6. Observability: You Can’t Debugger-Step Through an LLM
When traditional functions fail, you can step through with a debugger. With LLMs, you need different tools:
Log everything (with PII awareness):
- Input prompt (with sensitive data masked)
- Model name and version
- Temperature and parameters
- Raw output
- Parsed/validated output
- Latency and token usage
Tip: Hash or redact emails, IDs, and other personal data before writing logs to disk.
Monitor for drift:
- Track validator success rates
- Monitor output format compliance
- Watch for semantic drift in responses
- Set up alerts for cost spikes or unusual patterns
Common Pitfalls and How to Address Them
Pitfall 1: “Let me have a conversation with the API”

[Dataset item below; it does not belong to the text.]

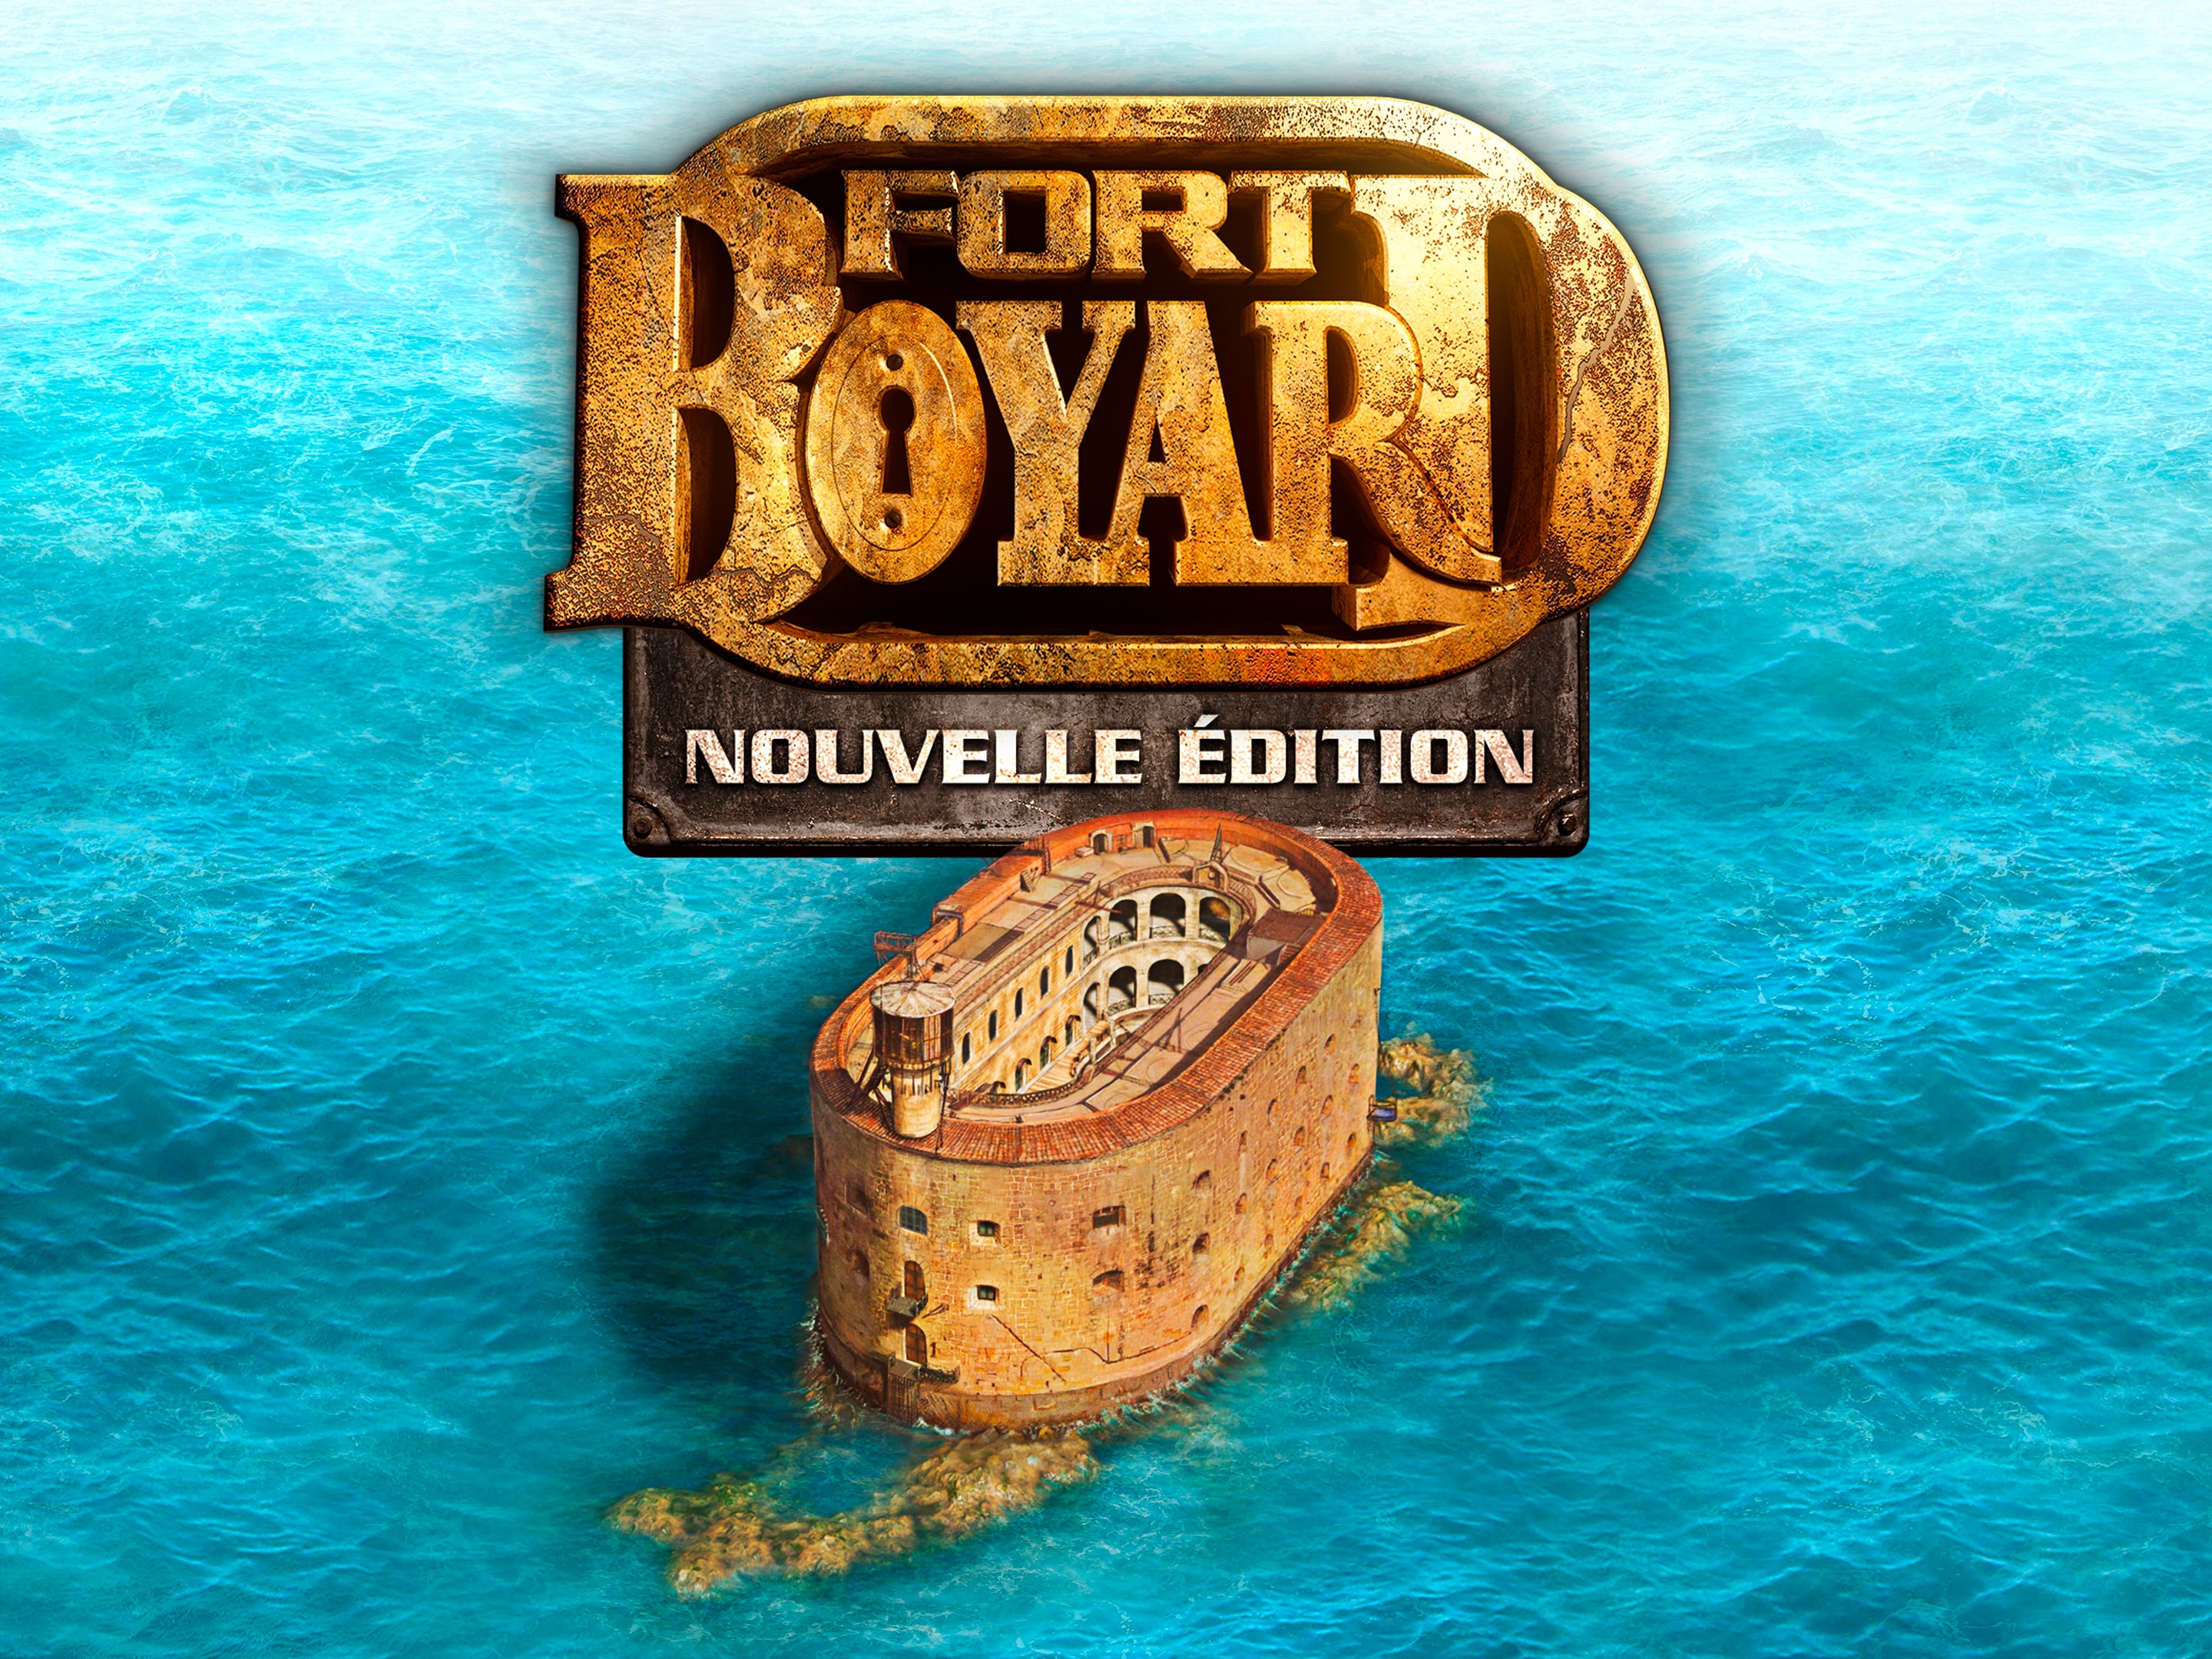 Fort Boyard Nouvelle Edition - Toujours plus fort !

Symptom: Prompts that say “Please analyze this and tell me about…”
Fix: Define exact output format: Return only: {"summary": "...", "category": "..."}
Pitfall 2: “It worked in testing!”
Symptom: Surprise when production behavior differs.

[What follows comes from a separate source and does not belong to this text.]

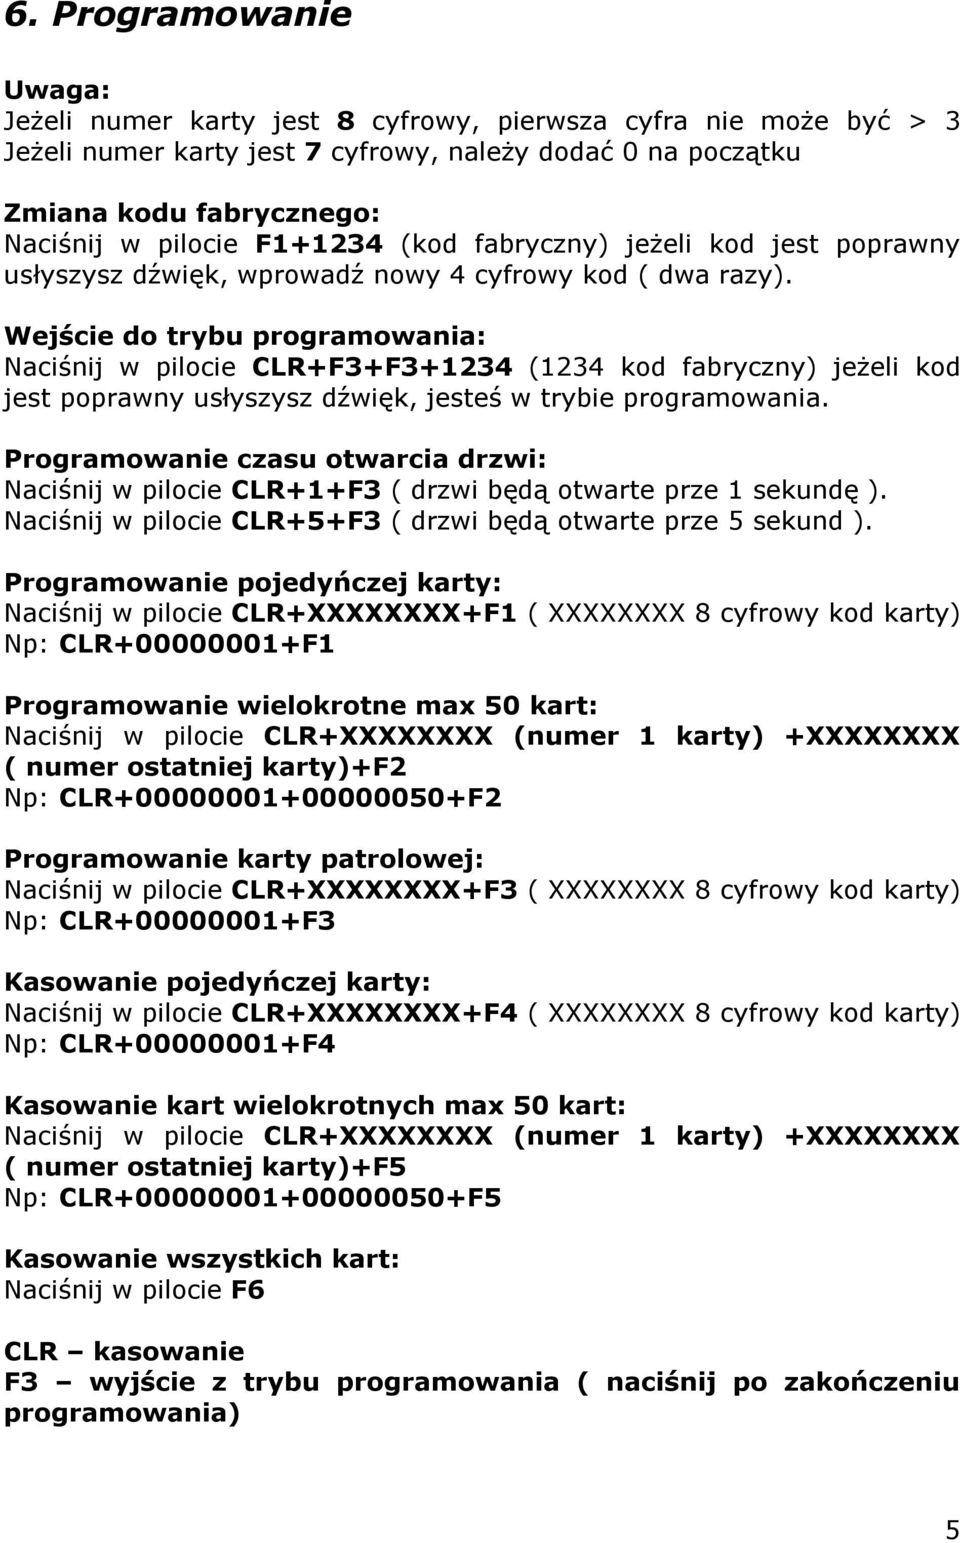 Wejście do trybu programowania: Naciśnij w pilocie CLR+F3+F3+1234 (1234 kod fabryczny) jeżeli kod jest poprawny usłyszysz dźwięk, jesteś w trybie programowania.

Fix: Test against multiple model versions; build in graceful degradation.
Pitfall 3: “LLMs are magic/useless”
Symptom: Either over-trusting or completely dismissing LLMs.
Fix: Understand them as powerful but imperfect tools, like OCR or speech recognition.
The Path Forward
The mental shift from “chatbot” to “fuzzy function” is key to building robust systems with LLMs. It’s not about abandoning what we know—it’s about adapting proven practices to probabilistic components.
These adaptations — evaluations instead of assertions, confidence thresholds instead of binary success, human-in-the-loop as a feature not a bug — prepare you for the next level of AI development. Once you’re comfortable with LLMs as functions, you’re ready to compose them into agents, workflows, and increasingly sophisticated systems.
The future of software isn’t deterministic OR probabilistic—it’s both, working together. Your existing engineering skills are the foundation. The probabilistic twist is just that—a twist, not a rewrite.
Start small. Find one text transformation in your current system that could benefit from some fuzziness. Wrap it in a function. Test it like you would any external service. Monitor it in production. Let humans improve it. Then build from there.
Your decades of engineering wisdom still apply. You just have a new, powerful, slightly unpredictable tool in your toolkit.